(Beginning of COLLECTED DATA)
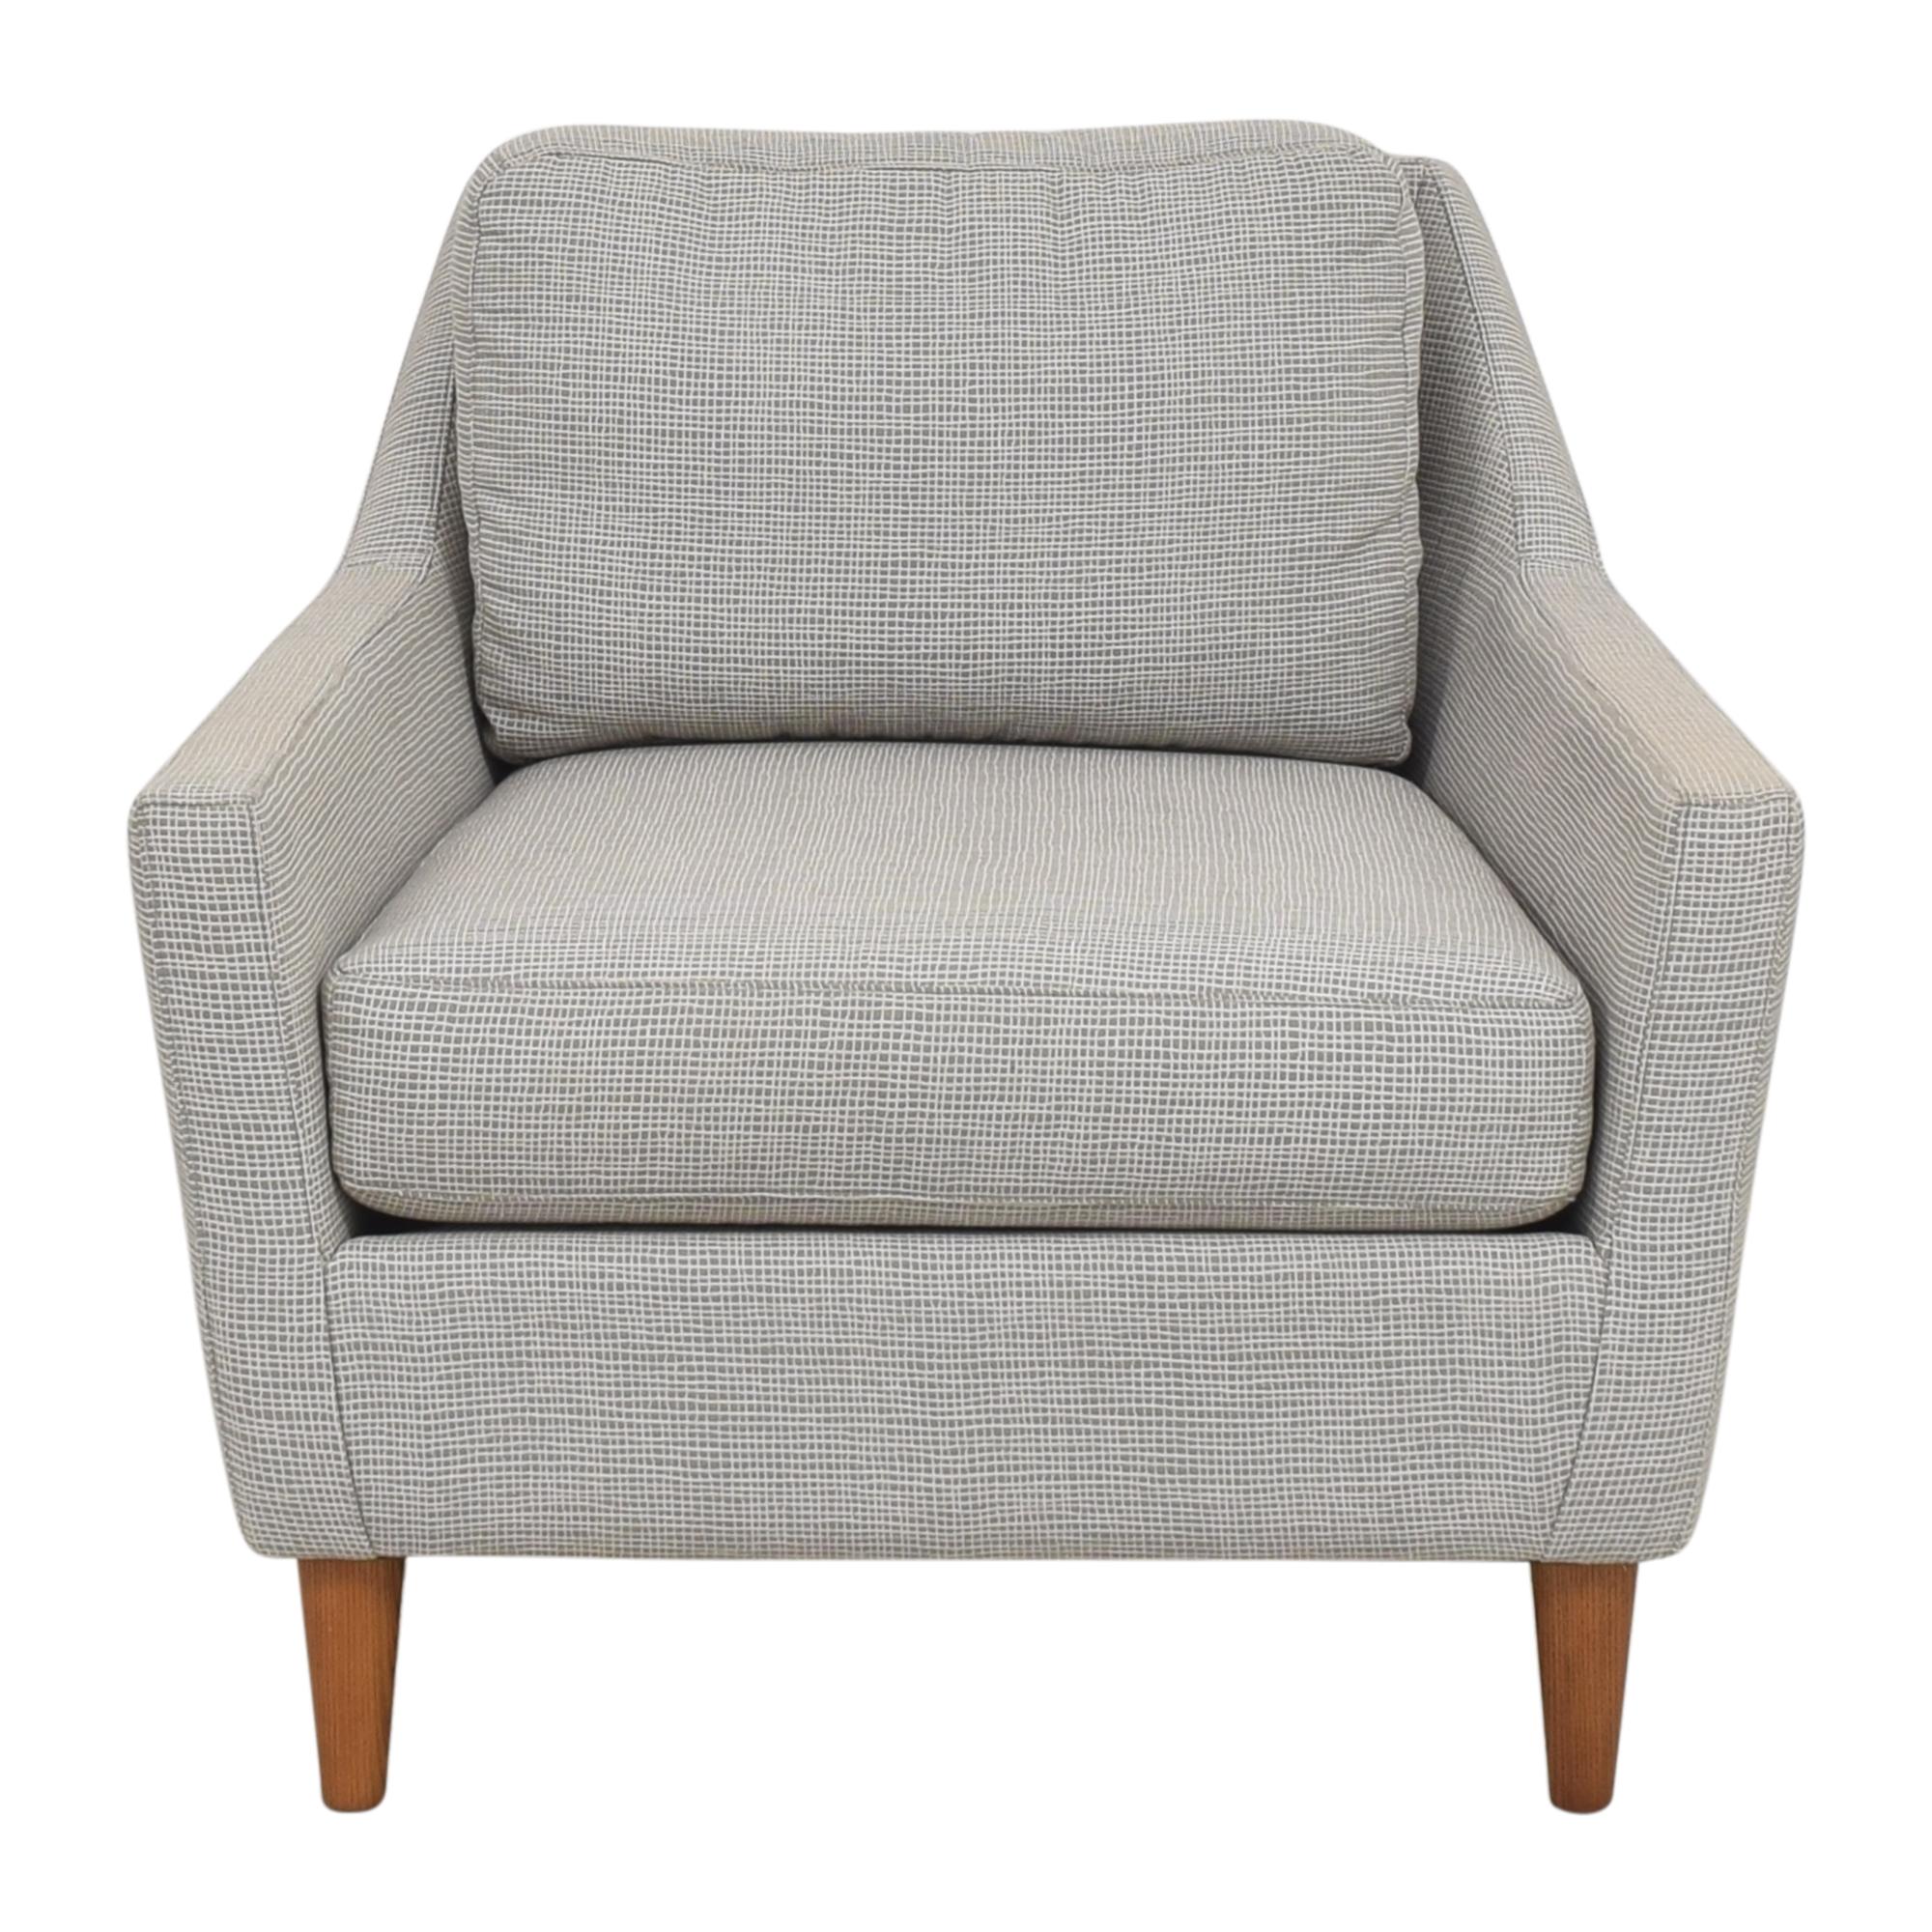 West Elm West Elm Everett Chair on sale
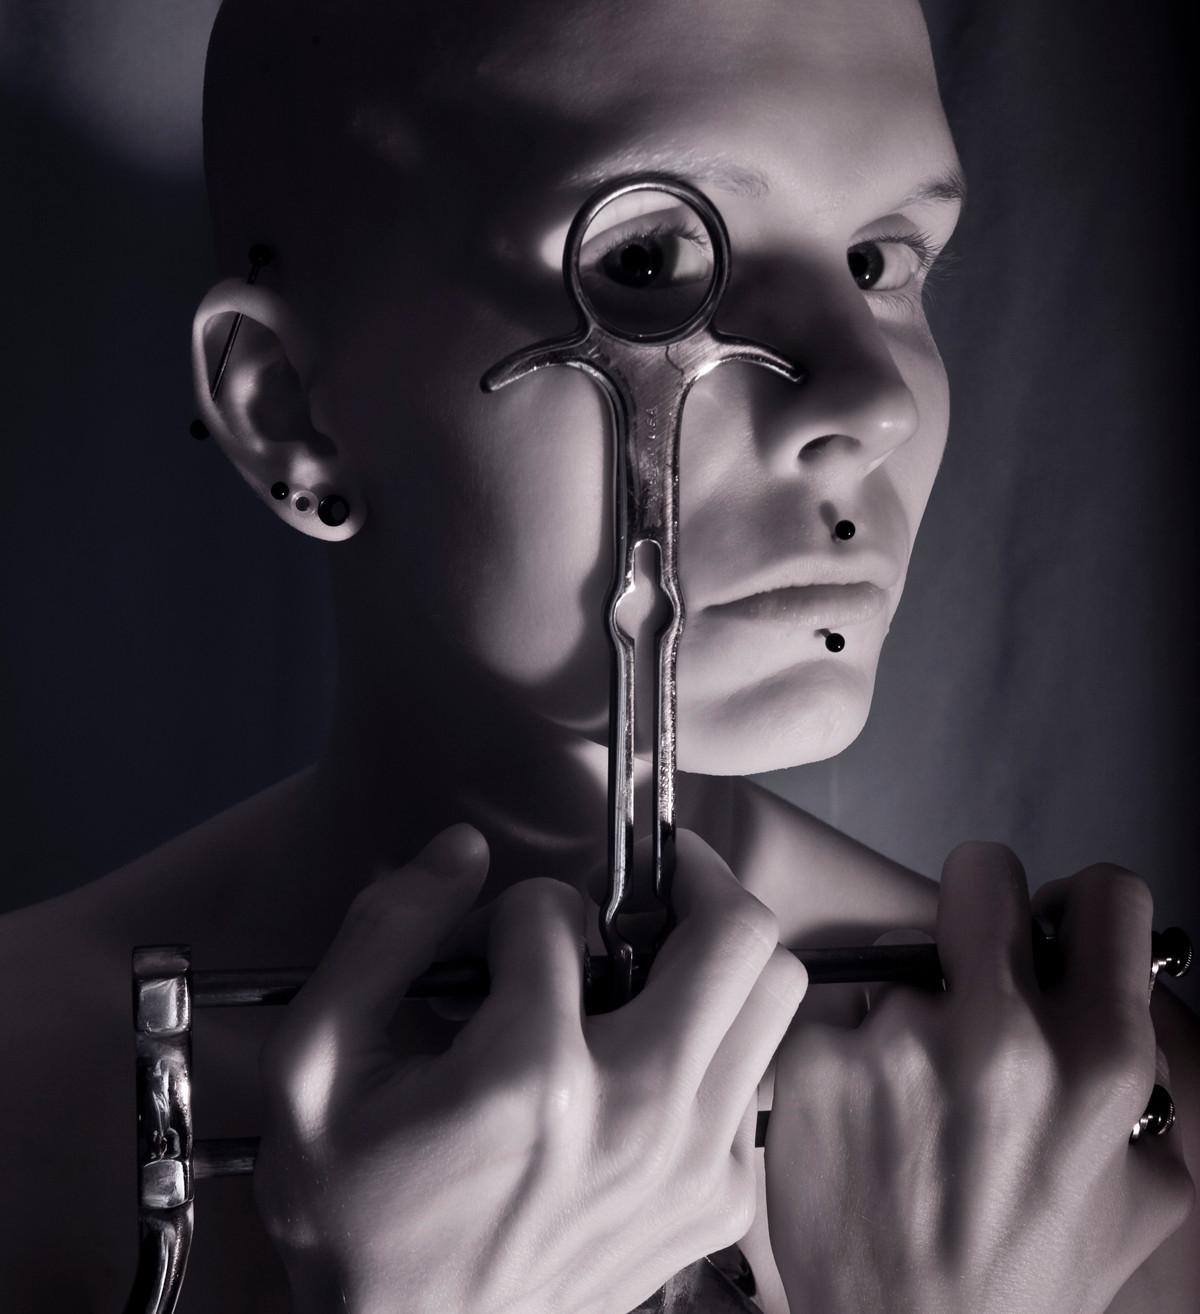 Mental Slavery VIII
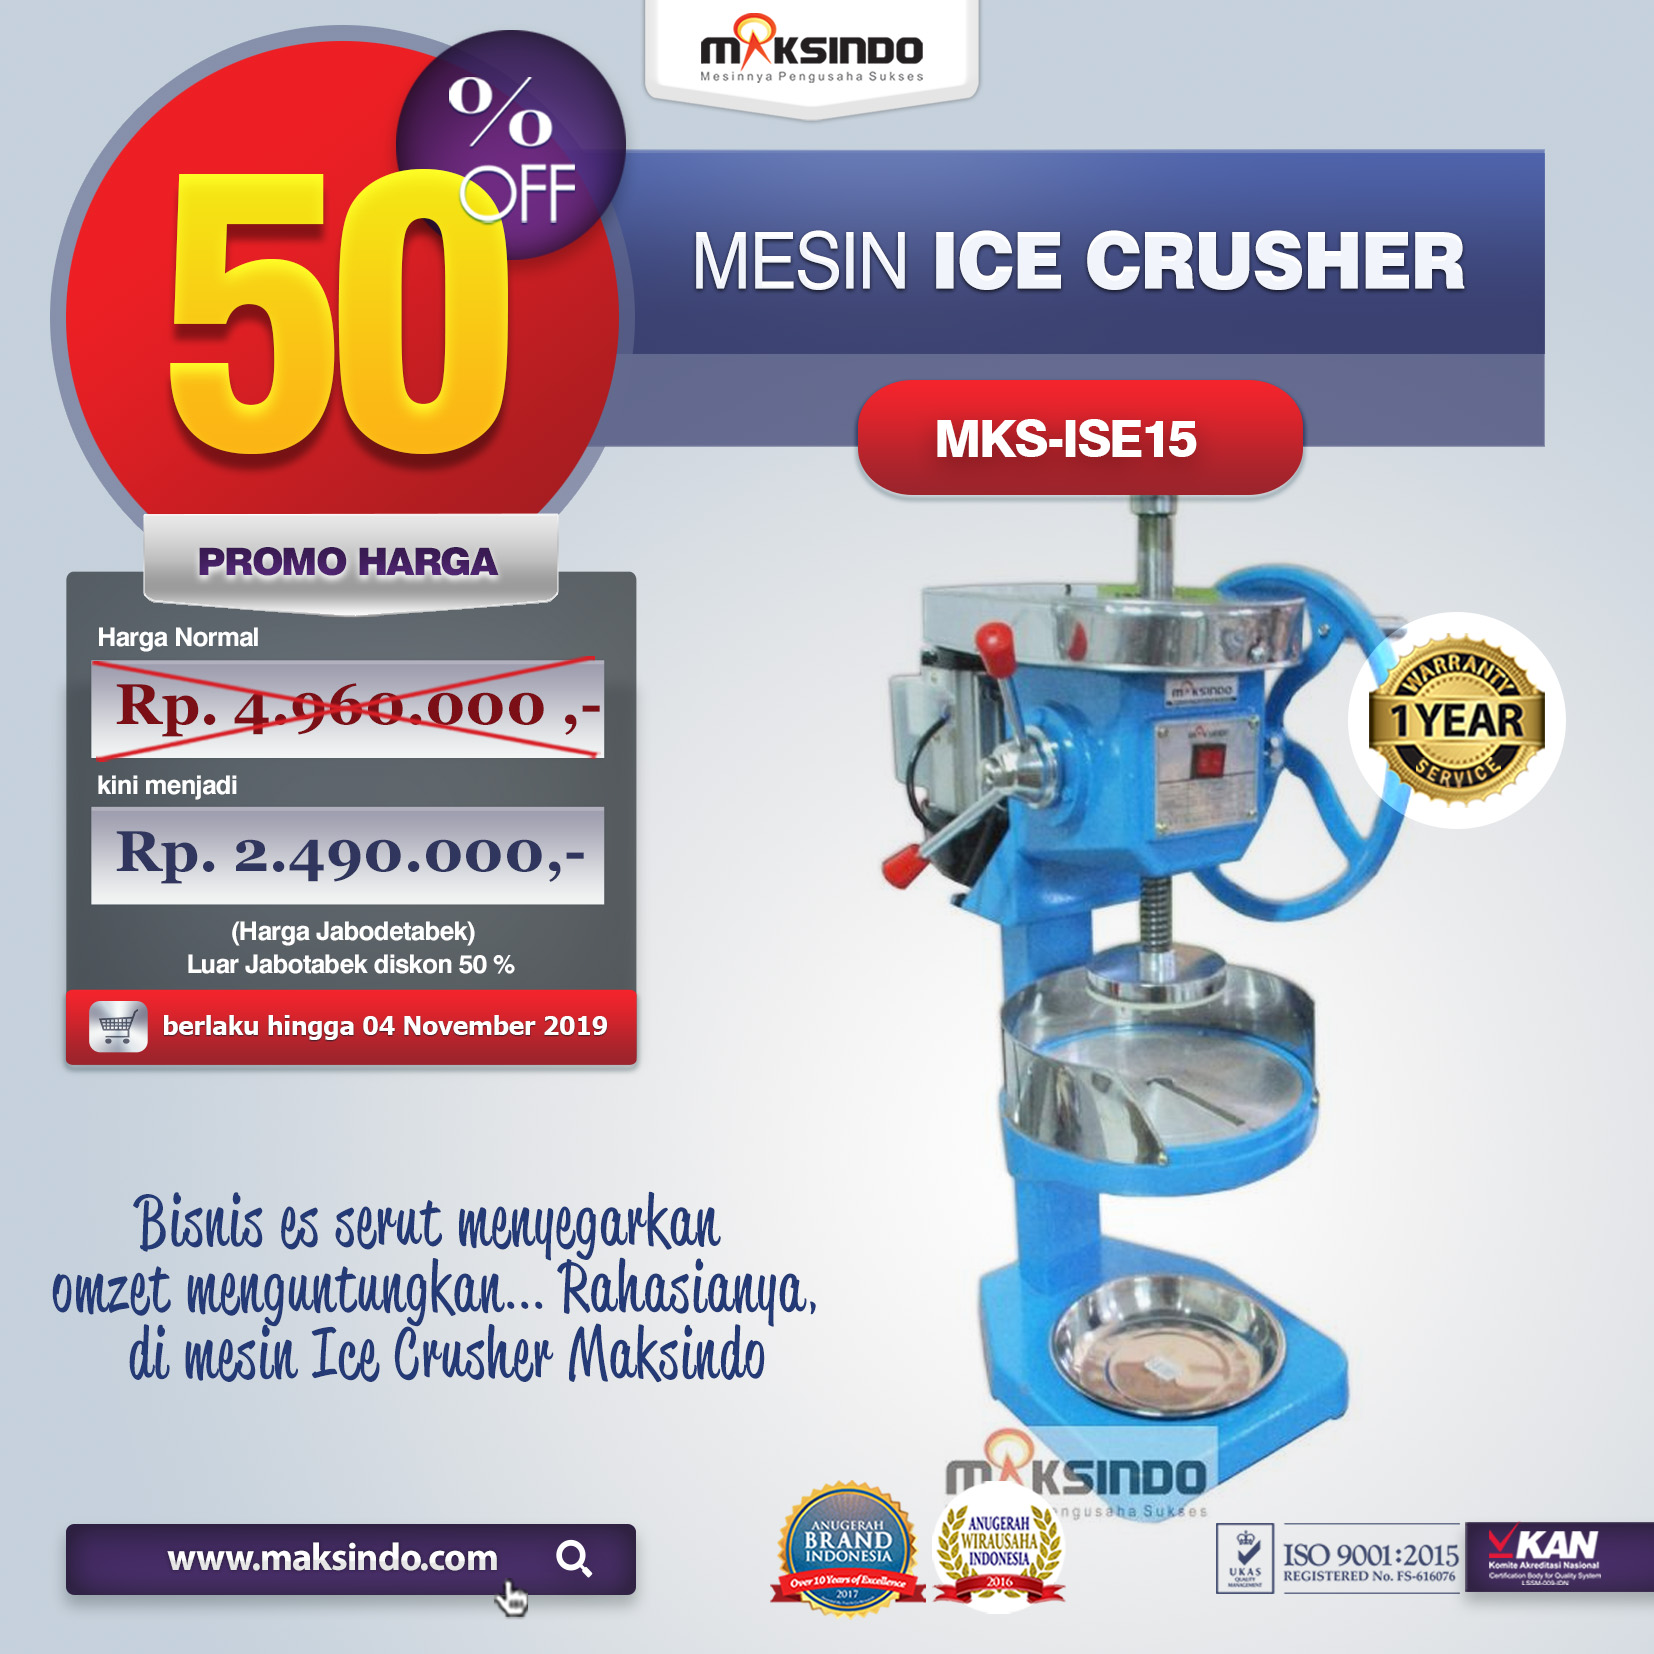 MKS ISE15 mesin ice crusher
(End of COLLECTED DATA)
__EXERCISE PROMPT__: Reproduce all the data as it stands. The pictures are not part of the copy.

__TASK SOLUTION__:
 West Elm West Elm Everett Chair on sale
 Mental Slavery VIII
 MKS ISE15 mesin ice crusher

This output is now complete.